Gli ex dipendenti di Ineosfilms Monfalcone (ex Adriaplast) chiedono il rispetto dei patti alla Mangiarotti Spa. Preoccupati dalle affermazioni provenienti dall’azienda in merito al reperimento di personale anche dalle realtà aziendali del territorio colpite dalla crisi, come la Eurogroup e la Eaton.
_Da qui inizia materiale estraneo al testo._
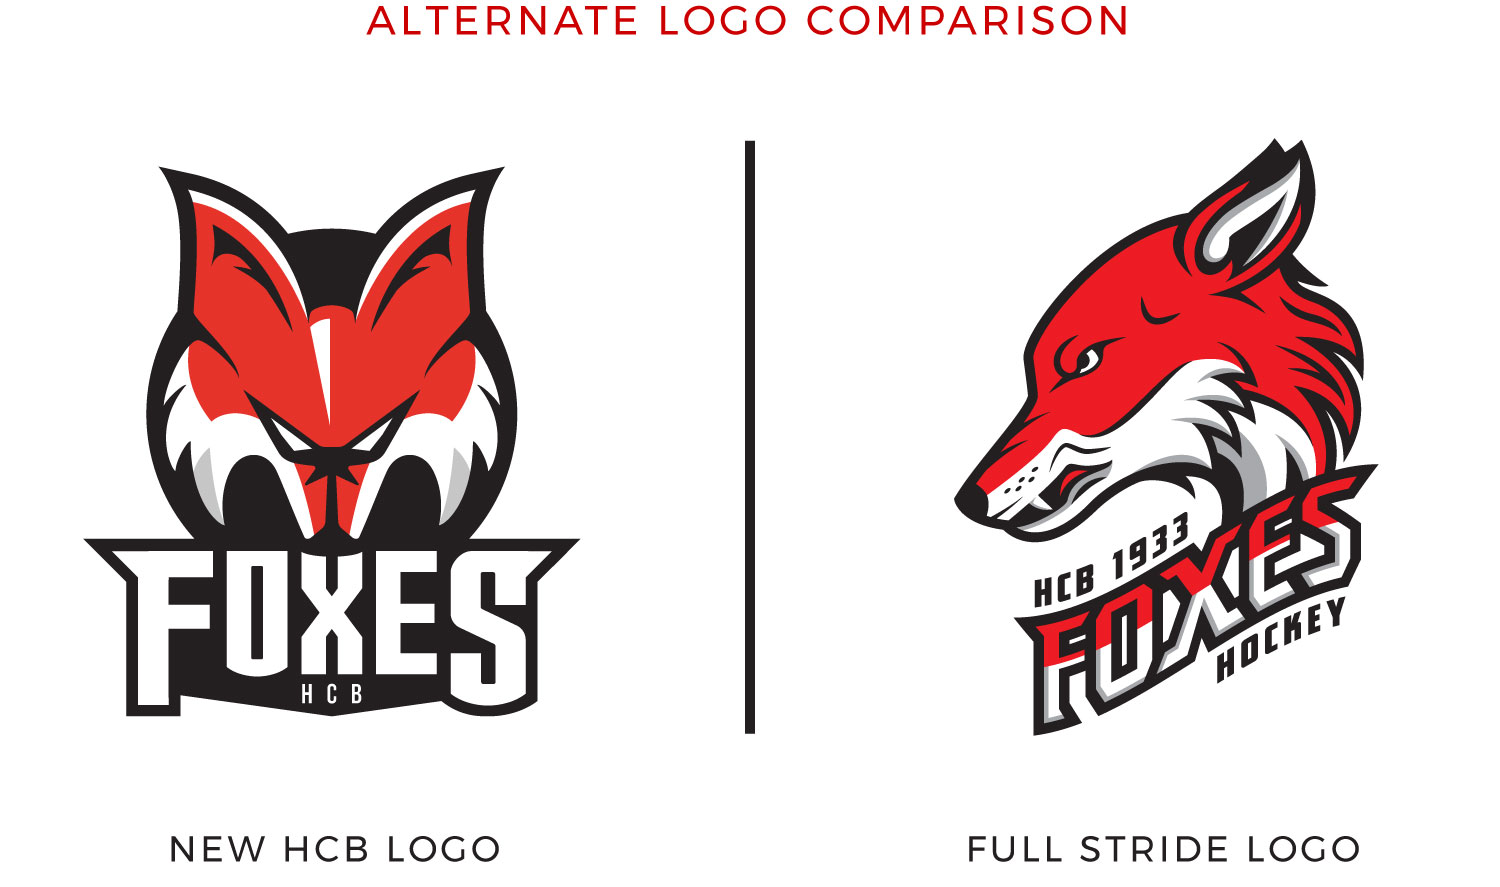 HCB_Foxes_Logo-Comparison-Alternate.jpg

La questione è stata al centro di un’assemblea, l’altra sera, a Staranzano, alla quale hanno partecipato i sindaci di Monfalcone e Staranzano, Gianfranco Pizzolito e Lorenzo Presot, il consigliere provinciale Alessandro Perrone e i rappresentanti di tutti i partiti, tra cui il segretario provinciale di Prc, Alessandro Saullo, e il segretario del Partito democratico di Monfalcone, Paolo Frisenna. La ex Rsu di via Timavo, «che pur non ufficialmente continua ad essere punto di riferimento per i lavoratori ex Ineos», ha convocato la riunione in considerazione dello «sconcerto» riconducibile a quanto sostenuto dalla Mangiarotti, che ha parlato di un accordo stipulato con le organizzazioni sindacali locali. «Questo accordo, apparentemente soddisfacente – è stato sottolineato -, in realtà annulla gli impegni preesistenti nei confronti dei lavoratori ex Ineos che hanno frequentato i lunghi percorsi di riqualificazione professionale, finanziati con fondi pubblici, richiesti, tra gli altri, dalla stessa Mangiarotti che ha pure fornito indicazioni precise sul tipo di figura professionale di cui avrebbero avuto bisogno a Monfalcone». L’accordo tra la Mangiarotti e le Organizzazioni sindacali che lo hanno sottoscritto, è stato ancora evidenziato, per quanto legittimo, esclude i lavoratori ex Ineos che si trovano in mobilità, quindi licenziati a tutti gli effetti, quando non scoperti dagli ammortizzatori sociali. Volendo evitare a tutti i costi scenari di conflitto tra lavoratori delle fabbriche in crisi, il sindaco Pizzolitto e il presidente della Provincia Gherghetta sono stati incaricati dall’assemblea di convocare entro 2 settimane un incontro tra le parti, Mangiarotti compresa, per riprendere il percorso che «avrebbe già dovuto condurre i lavoratori ex Ineos che hanno frequentato con profitto i corsi di riqualificazione all’assunzione presso la Mangiarotti». Ribadendo gli impegni enunciati al subentro del gruppo friulano, sarà richiesto alla Mangiarotti di farsi carico anche delle figure di impiegati amministrativi qualora la fase d’espansione che l’ha portata a Monfalcone richiedesse figure professionali specifiche.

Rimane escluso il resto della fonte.